From: John Darrington
<address@hidden>
To: Mehmet Hakan Satman <address@hidden>
Cc: address@hidden
Sent: Wed, March 23, 2011 12:58:08 PM
Subject: Quick cluster time and space optimisation
On Tue, Mar 22, 2011 at 02:53:45AM -0700, Mehmet Hakan Satman wrote:
Hi friends,
I corrected the source file and prepared the test files as John suggested. I
created the file quick-cluster.at with a test data. I run the "make check"
command and some of the output of this process is like:
436: T-TEST invalid syntax ok
437: T-TEST string variable ok
438: T-TEST string variable, only one value ok
439: T-TEST string variable comparison bug ok
QUICK CLUSTER
440: QUICK CLUSTER ok
Wonderful!
Now that we've got a working autotest we can start optimising the
algorithm without fear of unwittingly breaking it. This is where it
starts to get interesting!
The biggest problem I see at the moment is that it is allocating
potentially huge blocks of memory. PSPP (and spss) is designed to
cope with extremely large amounts of
data. So we should try to
accommodate this in the design of quick-cluster.
So imagine for the moment that somebody wants to perform
quick-cluster 500 variables (m), and 10,000,000 cases (n). PSPP would
run out of memory before it even starts to do the calculation.
There's a number of places where we should eliminate these memory
allocations, but let's deal with them one at a time.

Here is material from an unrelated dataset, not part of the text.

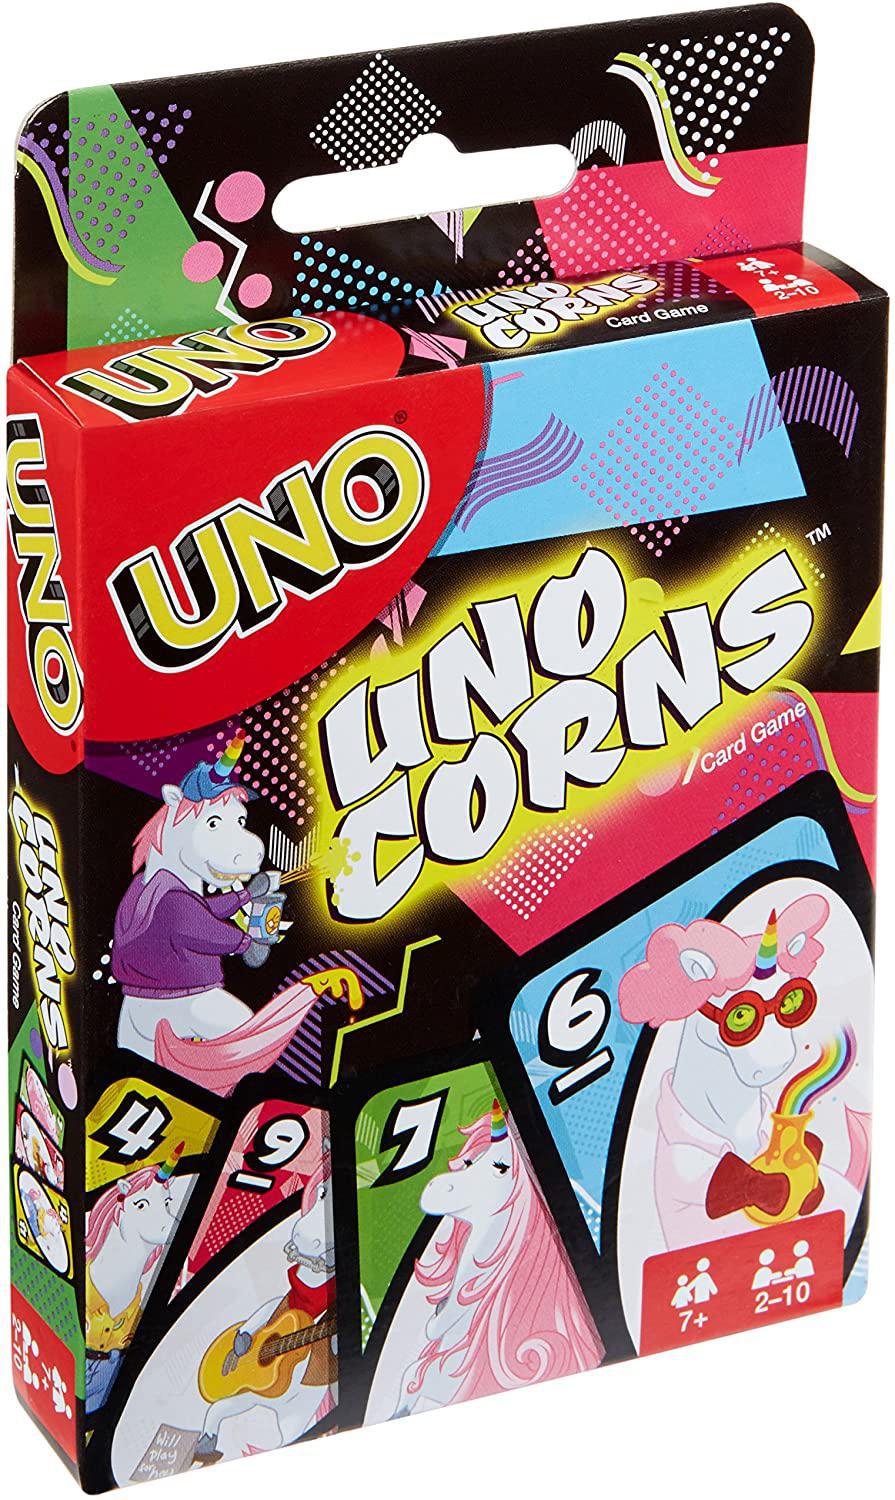 UNO: UNOcorns - Playing Card Game, Colorful Unicorns! - Includes 112 Cards, For 2 to 10 Players, Ages 7

Firstly, I see that the entire dataset is copied not once, but twice:
Once before the call to kmeans_create where you copy the casereader
into the array. And then again inside kmeans_create where you copy
the array into a gsl_matrix. I did some profiling on my system and
this accounted for a significant proportion of the time taken to
perform QUICK CLUSTER.
So, I suggest that we start by changing the signature of
kmeans_create from
struct Kmeans *
kmeans_create (double *data,
int n, int m, int ngroups, int maxiter);
struct Kmeans *
kmeans_create (struct casereader *cr, int m, int ngroups, int maxiter);
This will save at least one iteration through the data and one big
chunk of memory. Later we can improve on this.